WORK REQUIRED:
Write out every line below again exactly as it stands, skipping each image.

INFORMATION SUPPLIED:
══════════

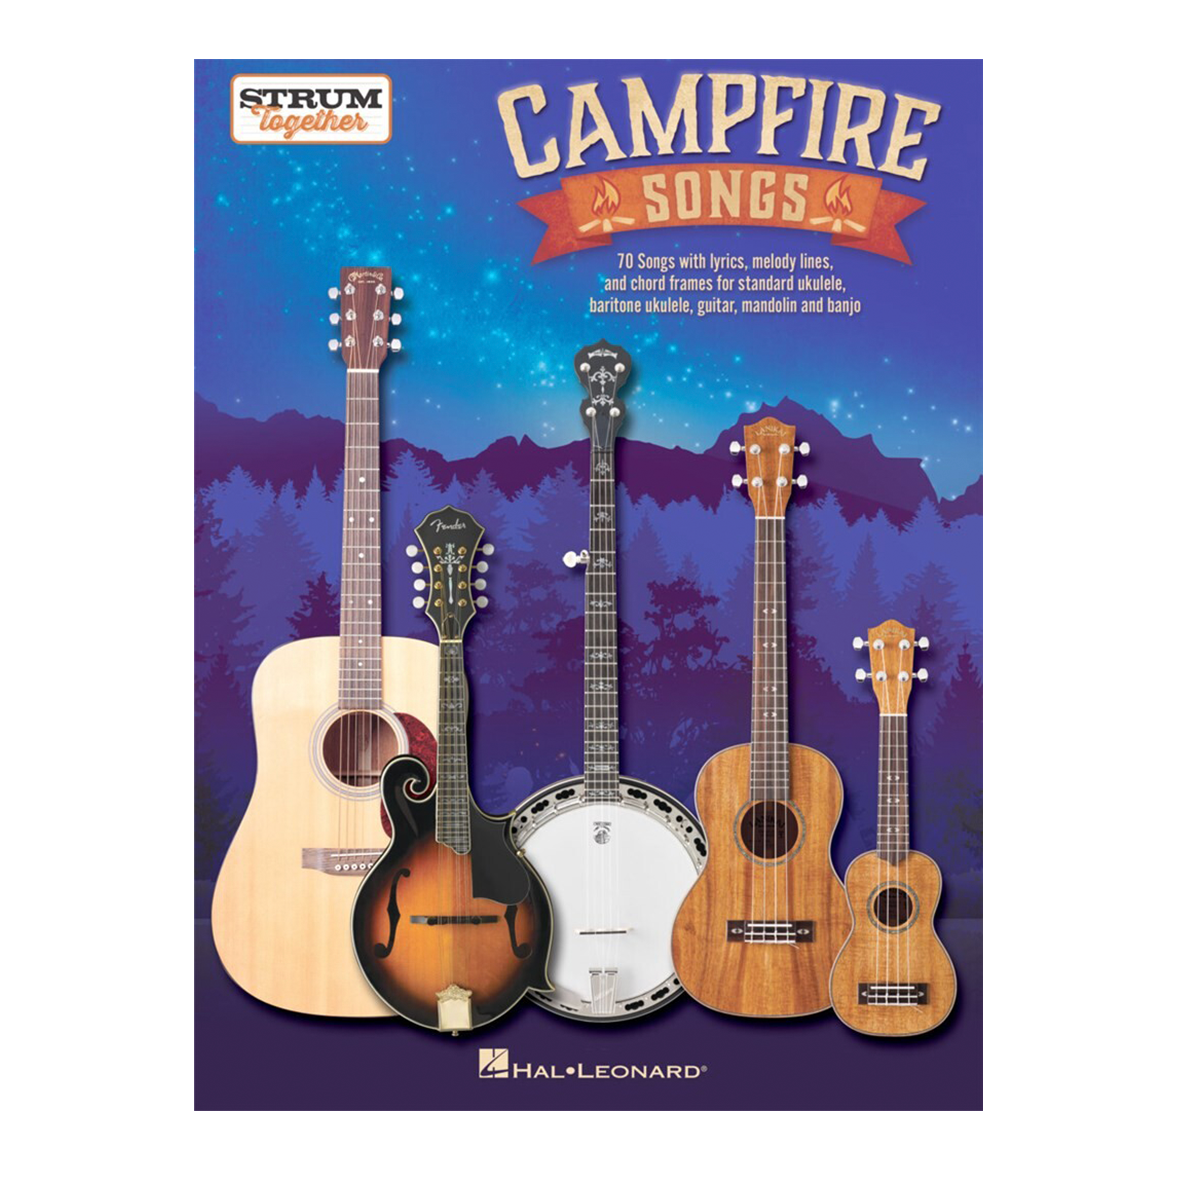 Strum Together: Campfire Songs Songbook for Piano, Vocal & Guitar
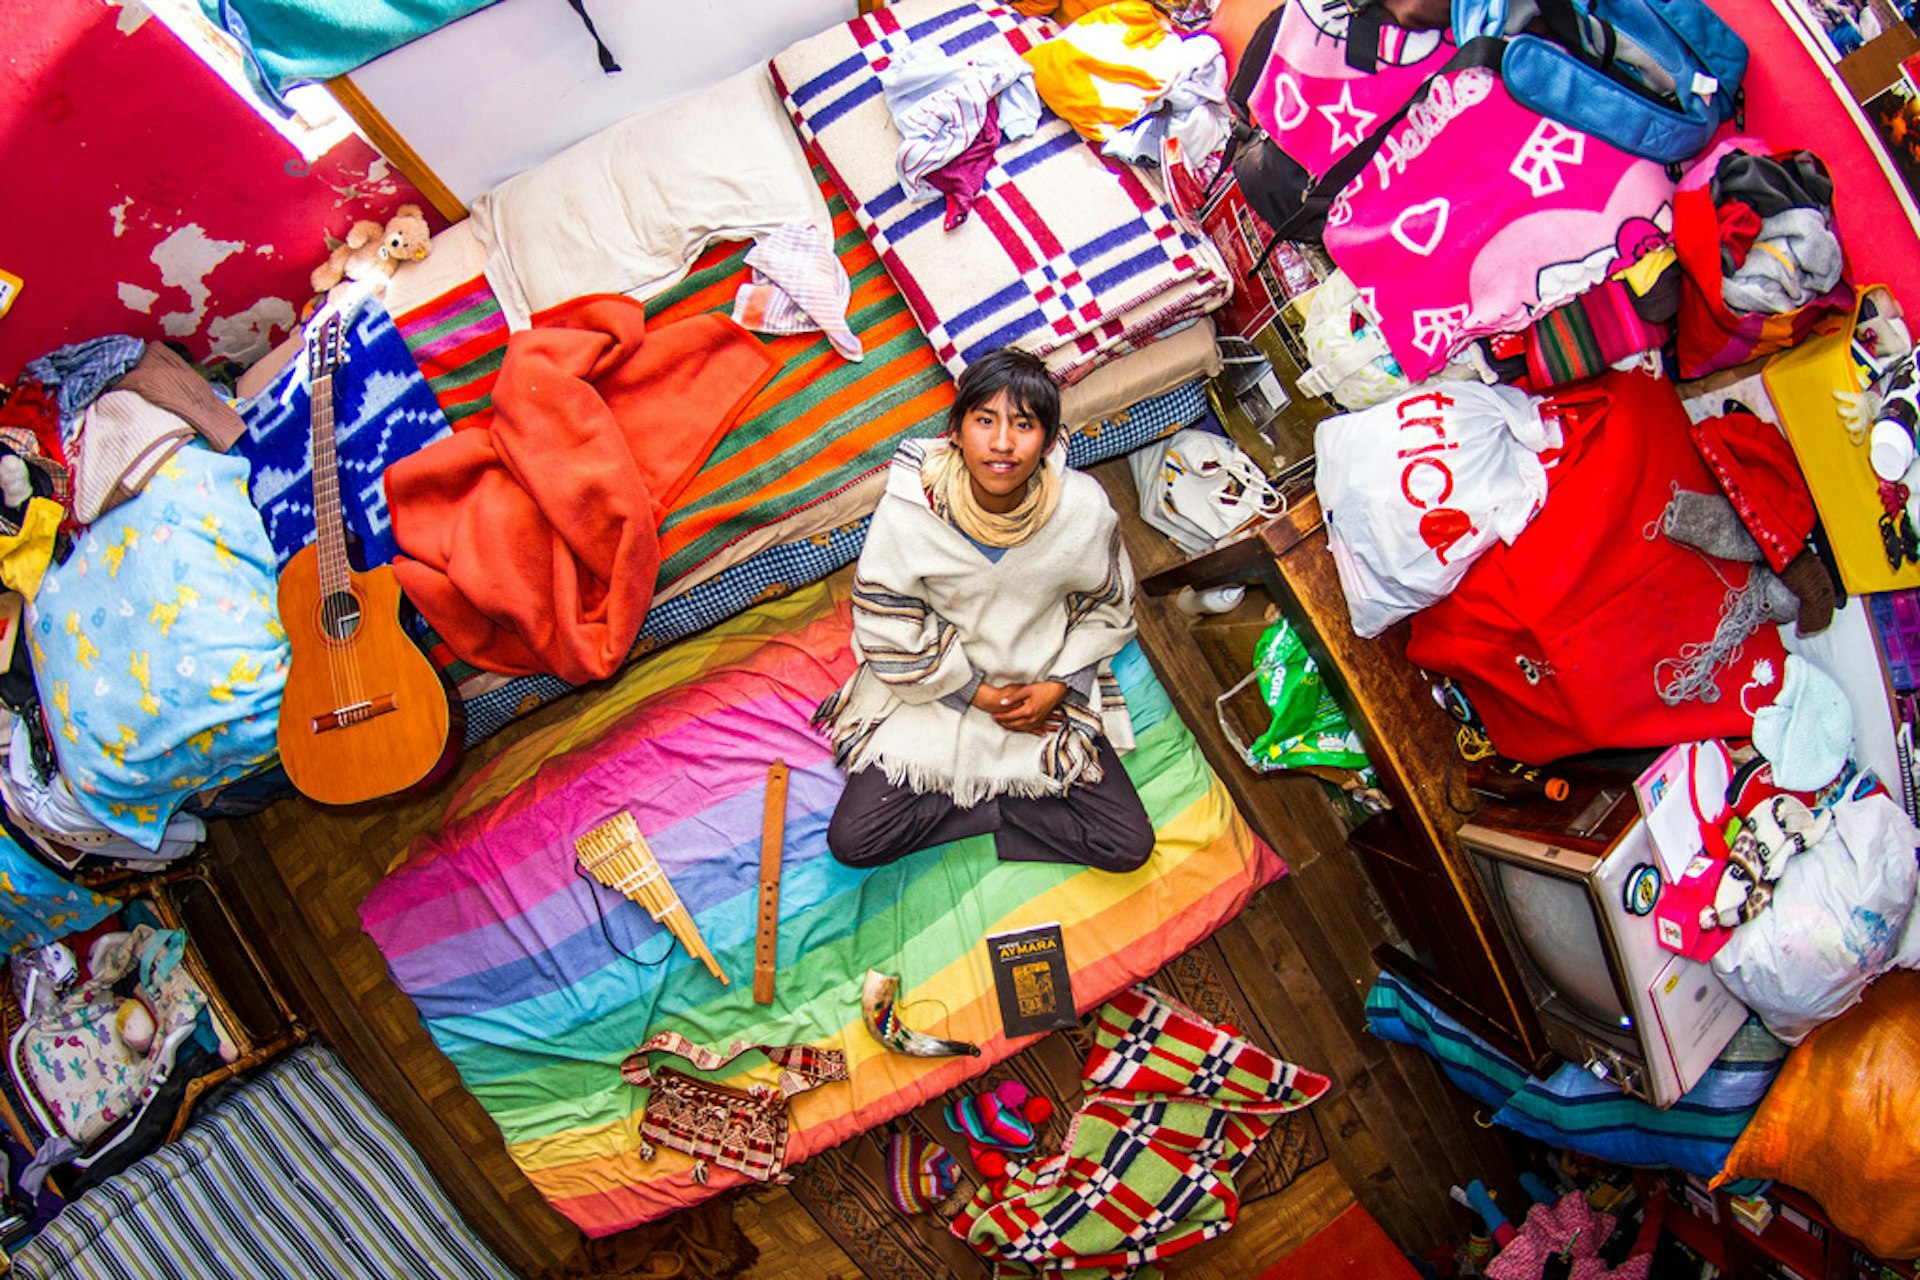 Inside the bedrooms of millennials all over the world
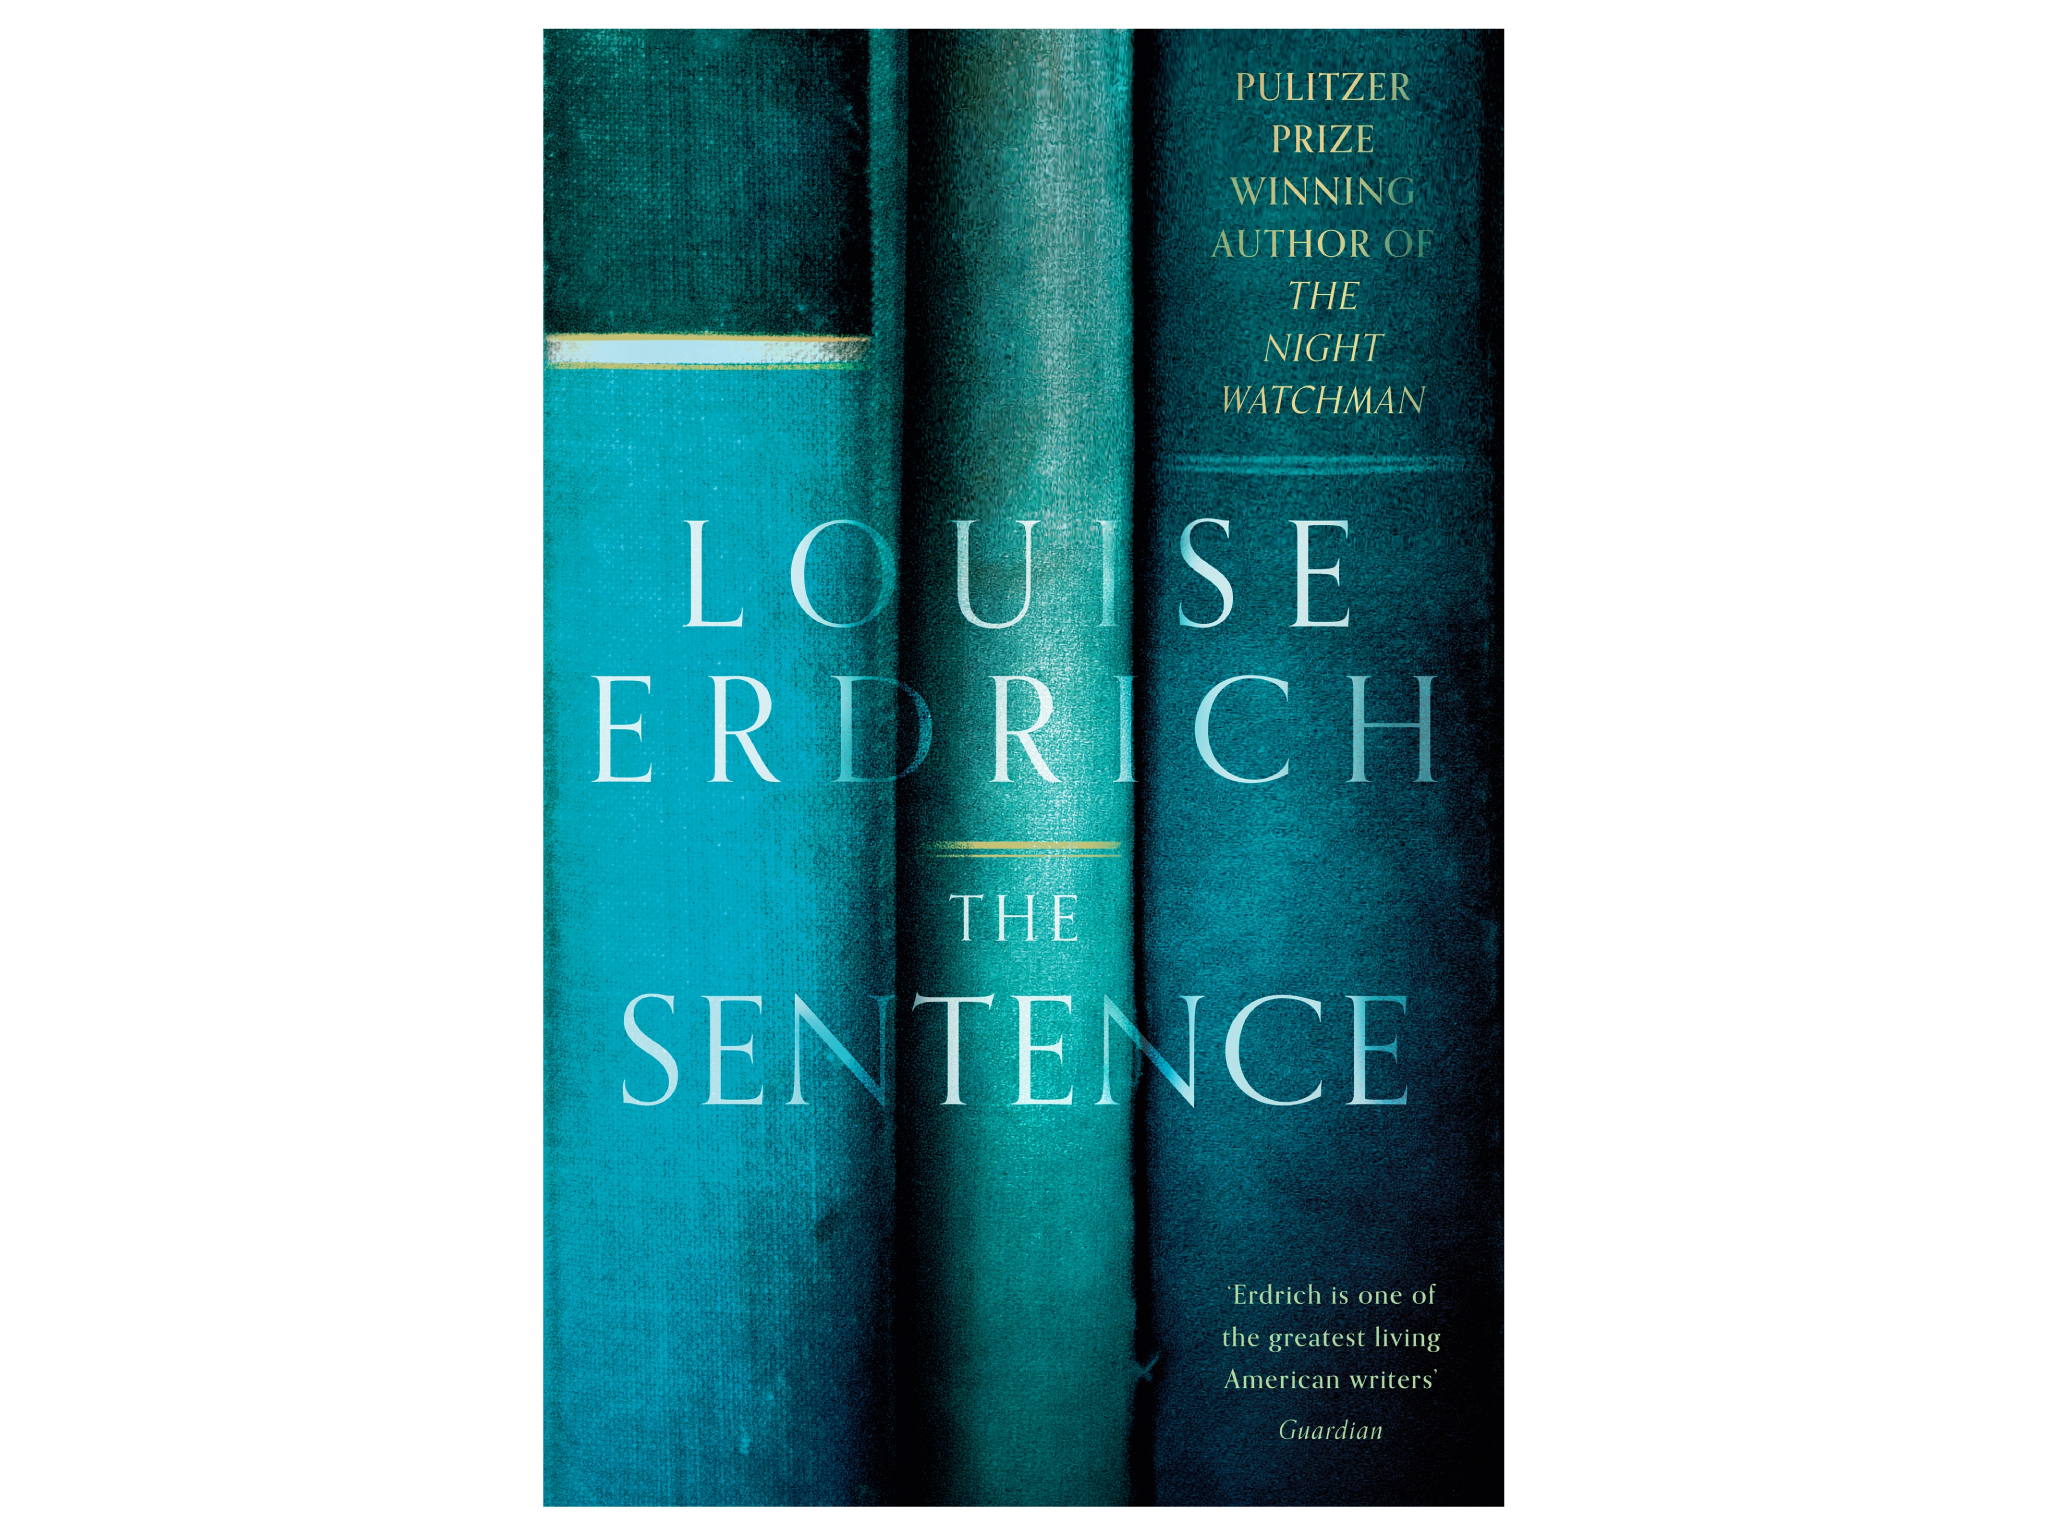 The-Sentence-womens-prize-for-fiction-longlist-indybest

══════════

SOLUTION TO THE PROBLEM:
 Strum Together: Campfire Songs Songbook for Piano, Vocal & Guitar
 Inside the bedrooms of millennials all over the world
 The-Sentence-womens-prize-for-fiction-longlist-indybest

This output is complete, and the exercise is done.